### Collected data:
********

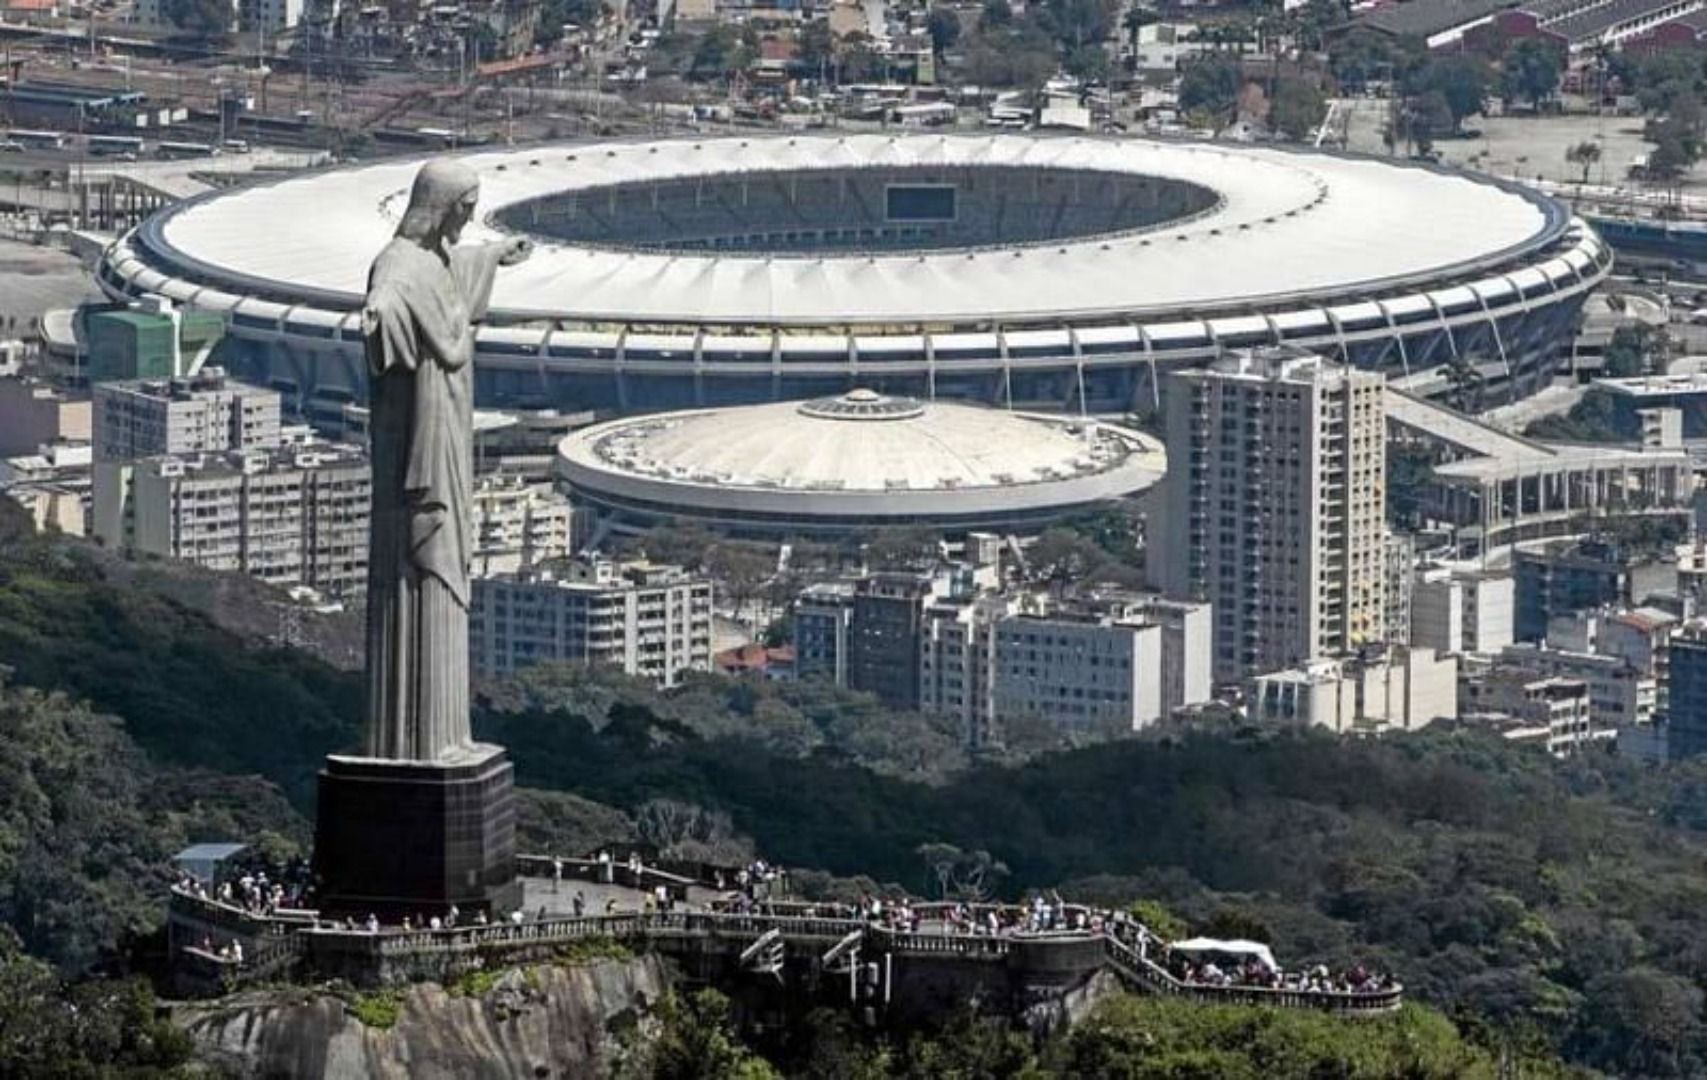 Christ the Redeemer statue overlooks the imposing Maracana Stadium in Rio de Janeiro.
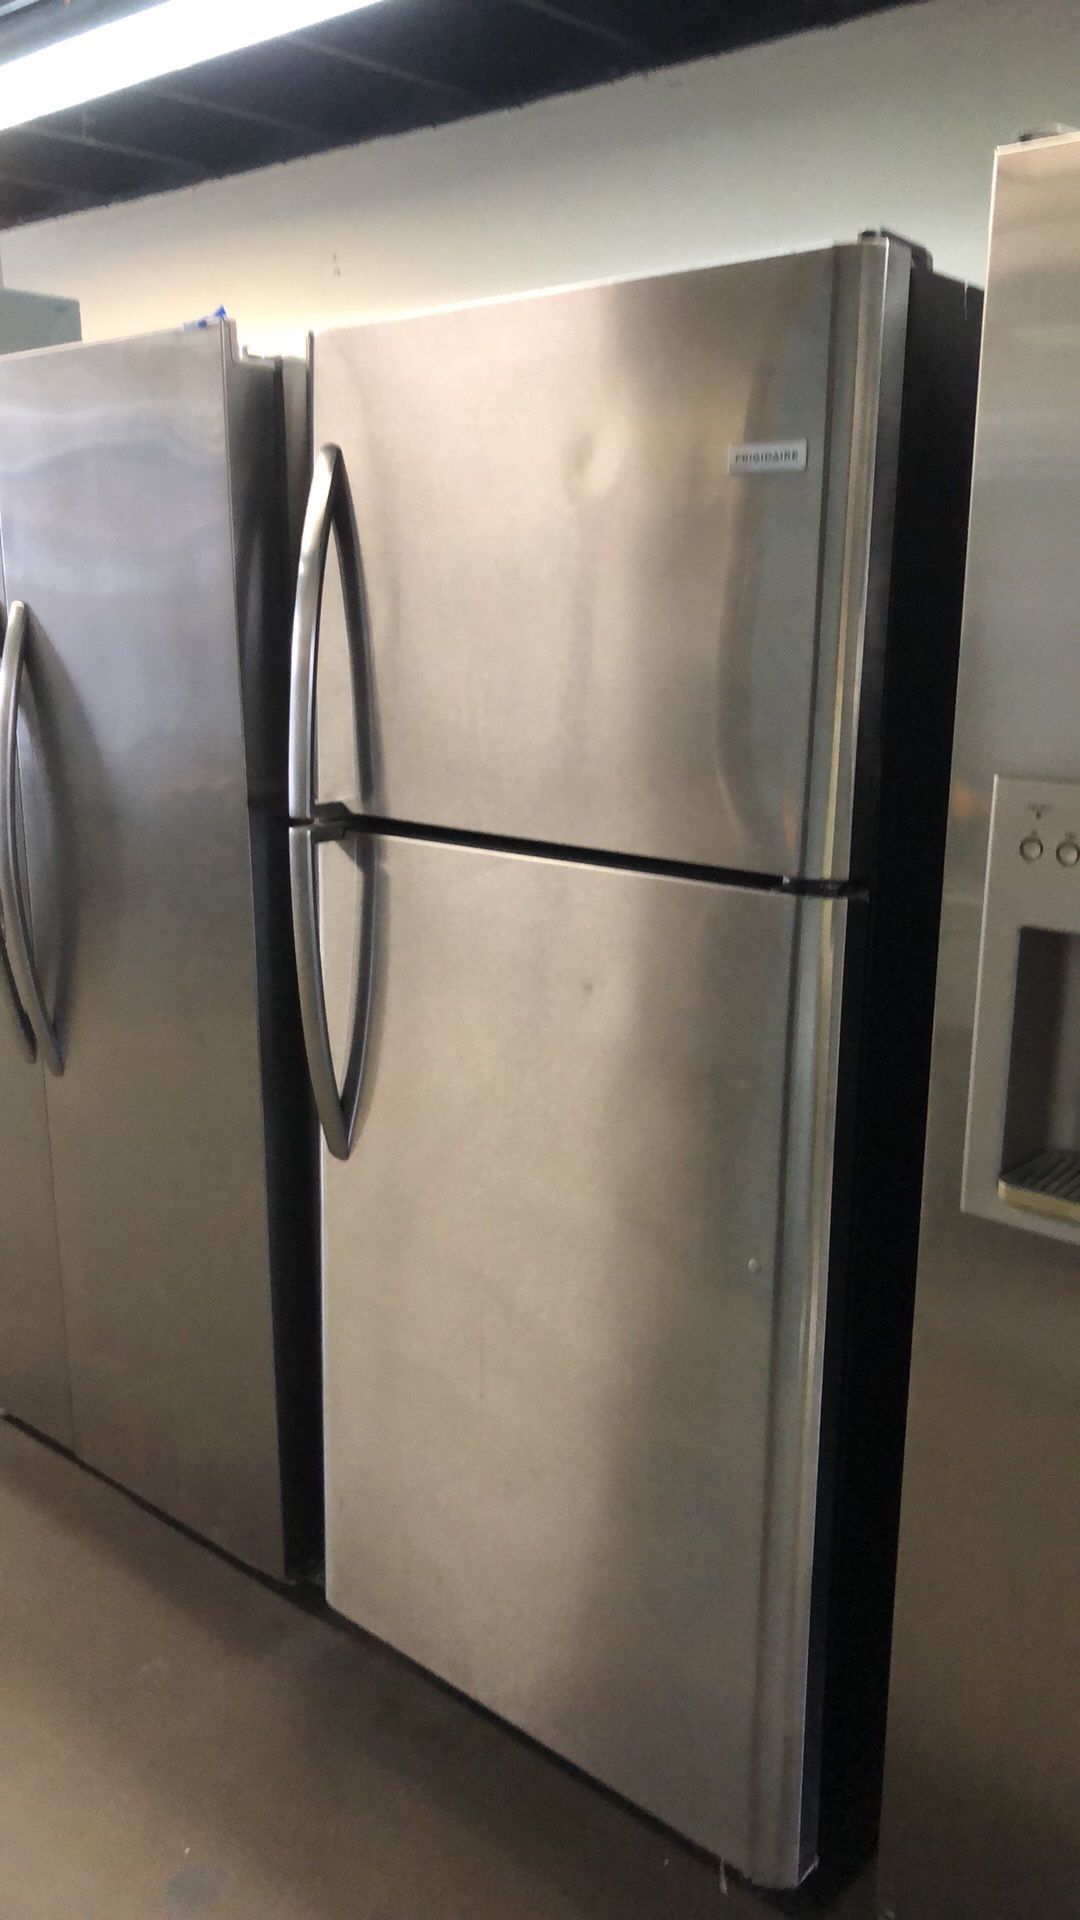 Frigidaire Stainless Steel Apartment Size Top Freezer Refrigerator 
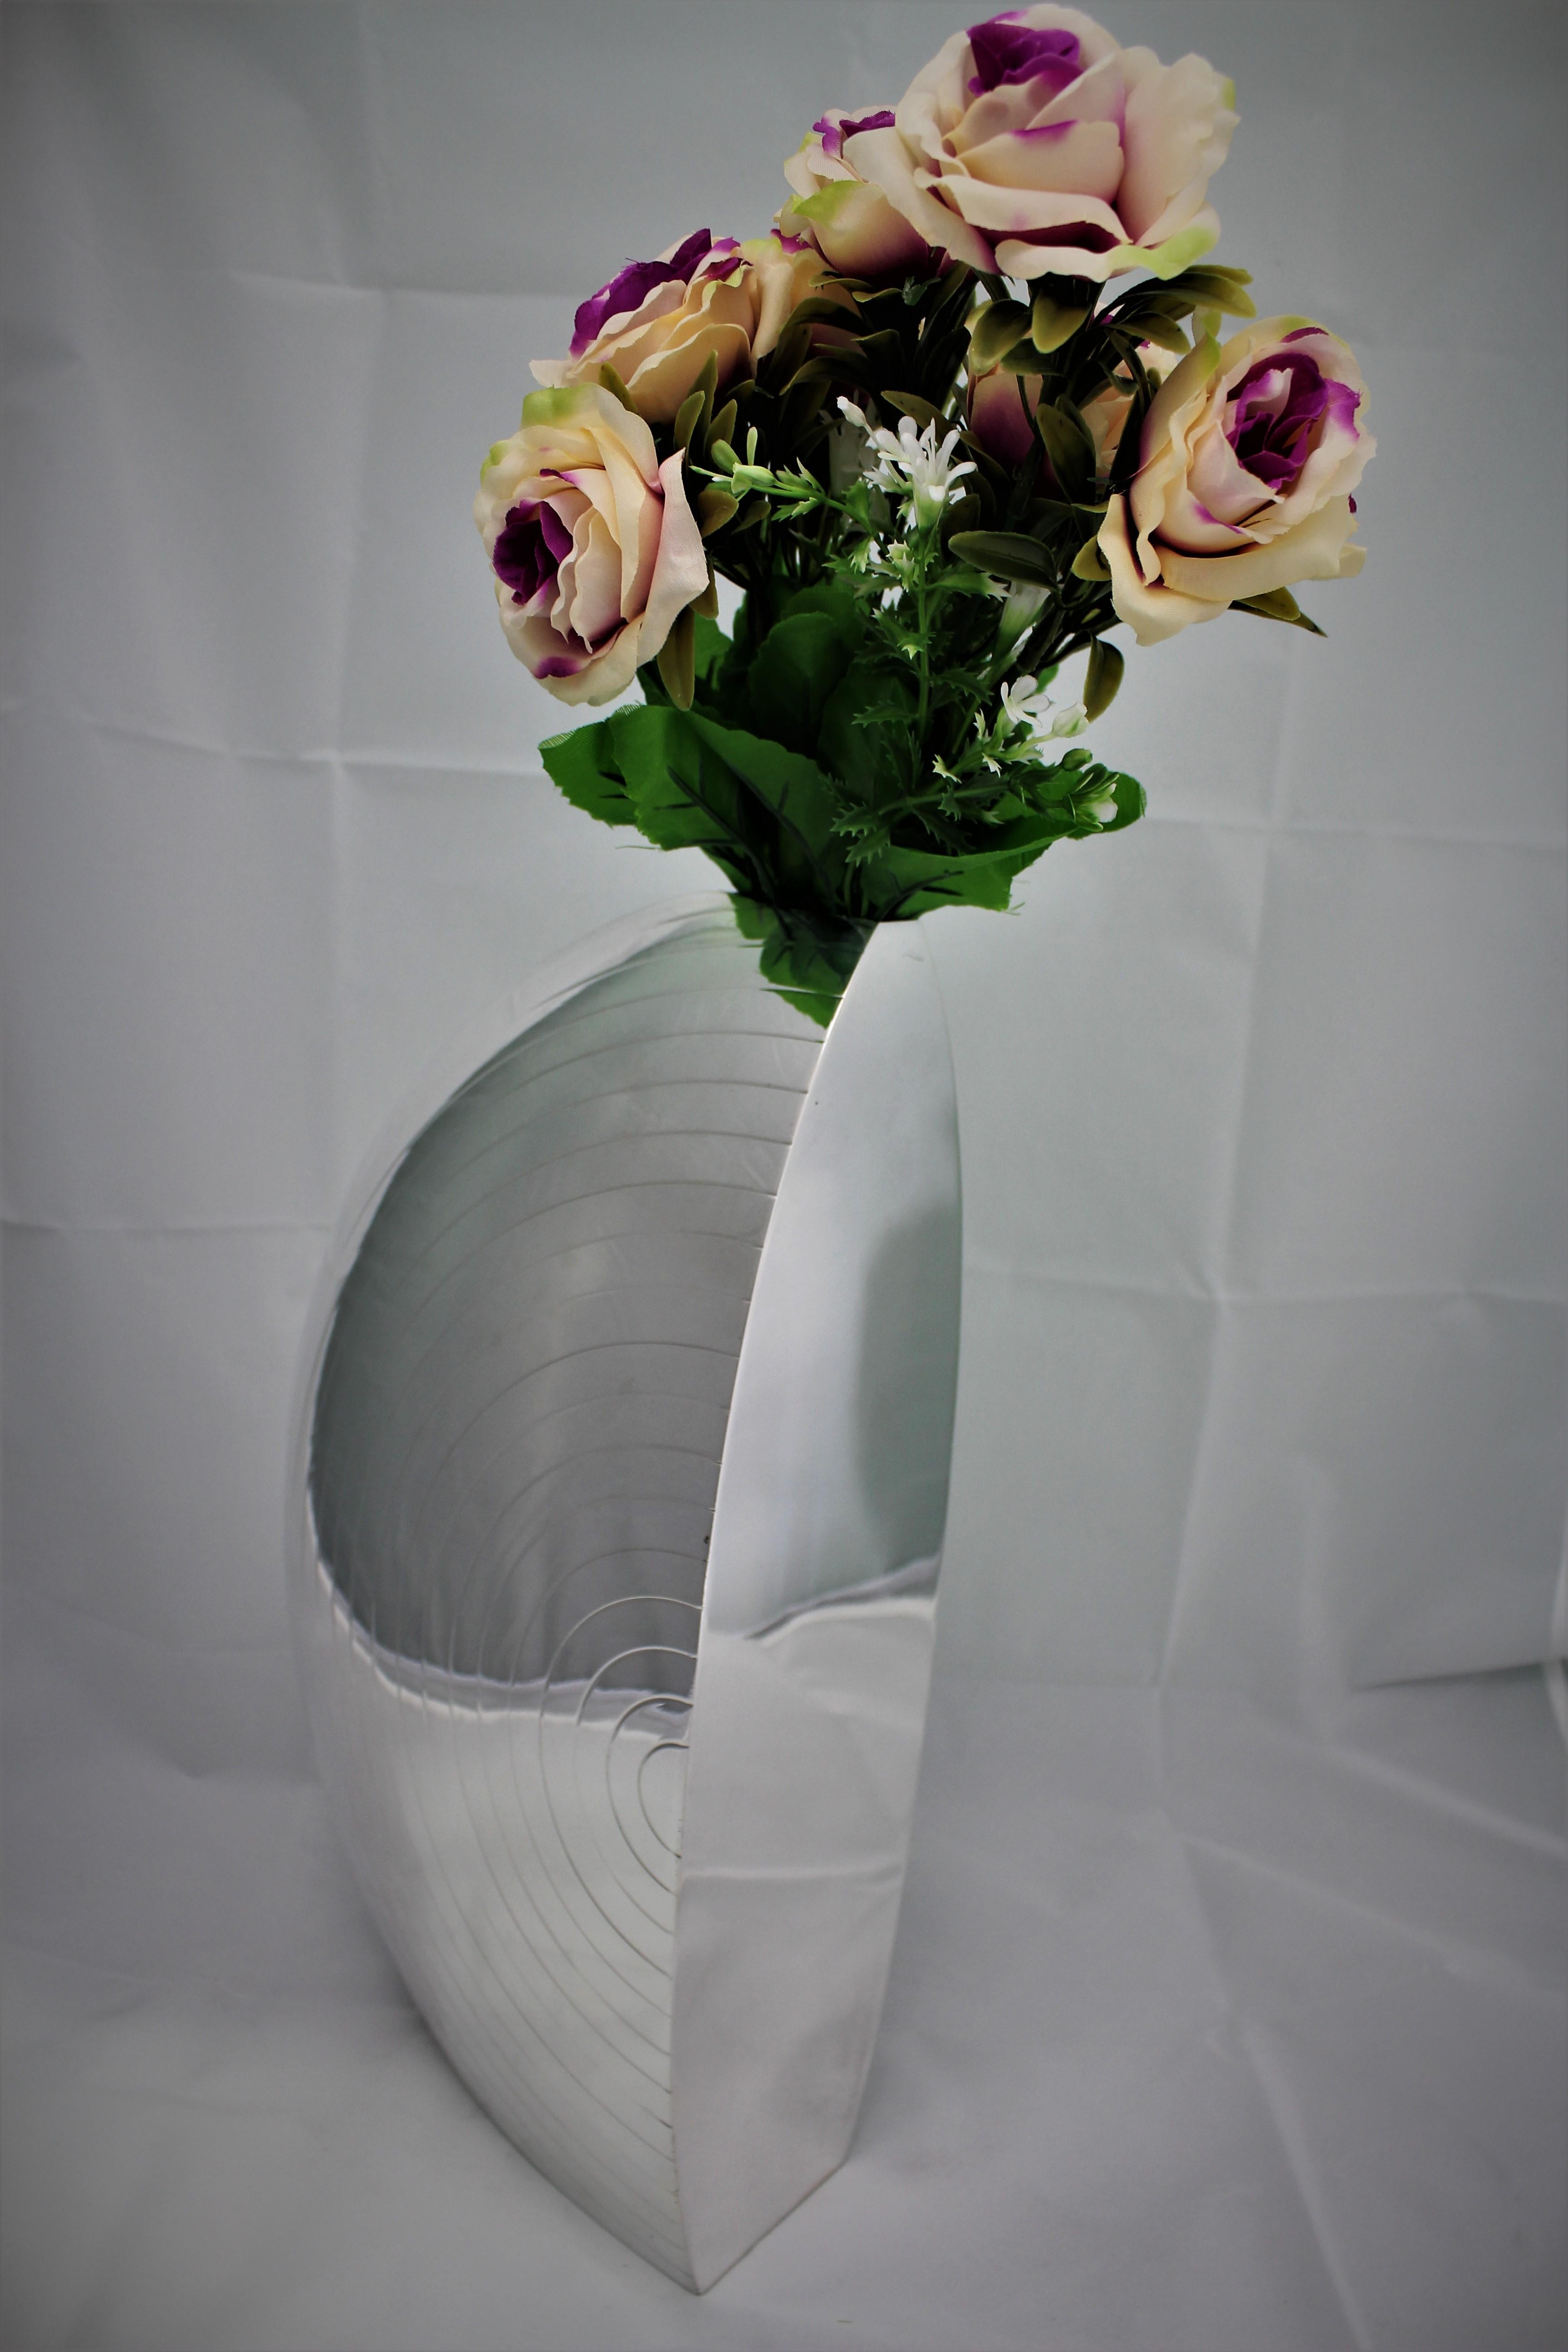 20th Century Futurist Silver Sail Flower Vase by Luigi Diani Milan Italy, 1920s For Sale 2

********

### What you will do:
Output the lines above in full and exactly as given, omitting any pictures.

### Expected output:
 Christ the Redeemer statue overlooks the imposing Maracana Stadium in Rio de Janeiro.
 Frigidaire Stainless Steel Apartment Size Top Freezer Refrigerator 
 20th Century Futurist Silver Sail Flower Vase by Luigi Diani Milan Italy, 1920s For Sale 2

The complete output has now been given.